Published online by Cambridge University Press: 24 July 2012
Generalizations about the merger movement in America at the turn of the century have too open been predicated upon inadequate information about the motives and mechanisms involved and the results achieved. This has been particularly true of those combinations in which the firm of J. P. Morgan & Company was involved. The International Mercantile Marine Company merger of 1902 has hitherto been misrepresented as a promotion of Wall Street. The subsequent course of this venture shows how even a combination of the world's most astute bankers and shipping men could be misled in analysis and held powerless to affect their own destiny by the march of economic and political events. Not all the grand combinations of the early twentieth century yielded lush promotional profits; neither should the evidence of overcapitalization in such combinations always be accepted at face value.

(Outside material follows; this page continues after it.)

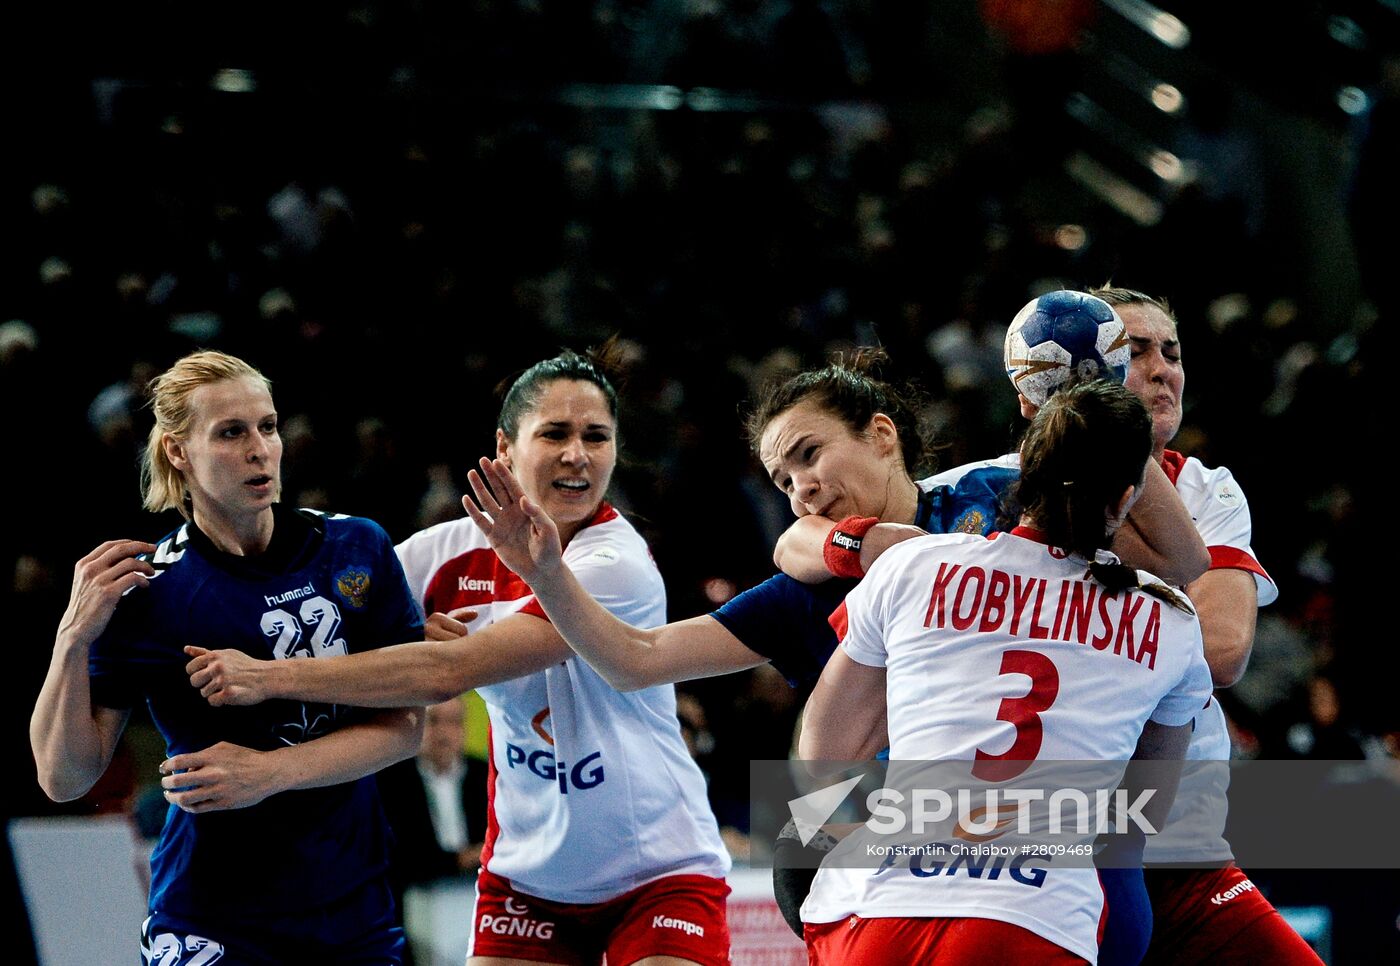 2016 Women's Olympic Handball Tournament Qualification. Russia vs. Poland

1 Annual Report of the Commissioner of Navigation (Washington, 1902), p. 67.
2 Huldermann, Bernhard, Albert Ballin (New York, 1922).Google Scholar
3 Unless otherwise stated, most of the statistical material is from reports of Price, Waterhouse & Company, or its affiliate Jones, Caesar & Company.
4 Clement Acton Griscom was born in Philadelphia in 1841 of an old Philadelphia family of some means. He attended a Quaker school, and at 16 became a clerk in a firm of shipping merchants, Peter Wright & Son, advancing to partnership at 22. He devoted his life to the shipping business and became one of the wealthiest men of the country. After the mode of the time, he owned a large country estate, collected paintings, owned a private railroad car, and operated an ocean-going steam yacht. Besides his shipping interests, he became a director in some 25 enterprises, the more important, aside from the IMM, being the Pennsylvania Railroad and the National Transit Company, the largest of the Standard Oil pipeline companies and a firm in which he occupied the honorary position of president. In addition he was influential in the Republican Party. Although New York became important as a center of his business interests, he continued to reside near Philadelphia.
He traveled widely, and customarily spent several months abroad each year. As a result of his international shipping connections, both Germany and Belgium awarded him decorations. He was 61 in 1902 when he became president of the IMM. He died 10 years later.
5 The Commercial and Financial Chronicle, 11 Feb. 1899, p. 282.
6 “Steamship Lines as Extensions of Railroad Systems,” The Commercial and Financial Chronicle, 16 March 1901, p. 507.
7 United States Investor, 17 June 1899, p. 794.
8 Bernard Nadal Baker was born in 1854 in Baltimore, which continued to be his home and the focus of his business activities. He studied chemistry at Yale, preparatory to entering the family chemical business, but soon shifted his attention to shipping, incorporating the Baltimore Storage & Lighterage Company in his late 20's. Other business ventures included a coal distributing company in Baltimore and affiliation with one of the largest Pennsylvania coal producing companies. His business activities widened to include directorships in banks and other enterprises, and he became a trustee of Johns Hopkins. He also had broad social, artistic, and philanthropic interests. He traveled widely and became a close friend of Albert Ballin, the German shipping magnate. At the time of the formation of the IMM he was 48.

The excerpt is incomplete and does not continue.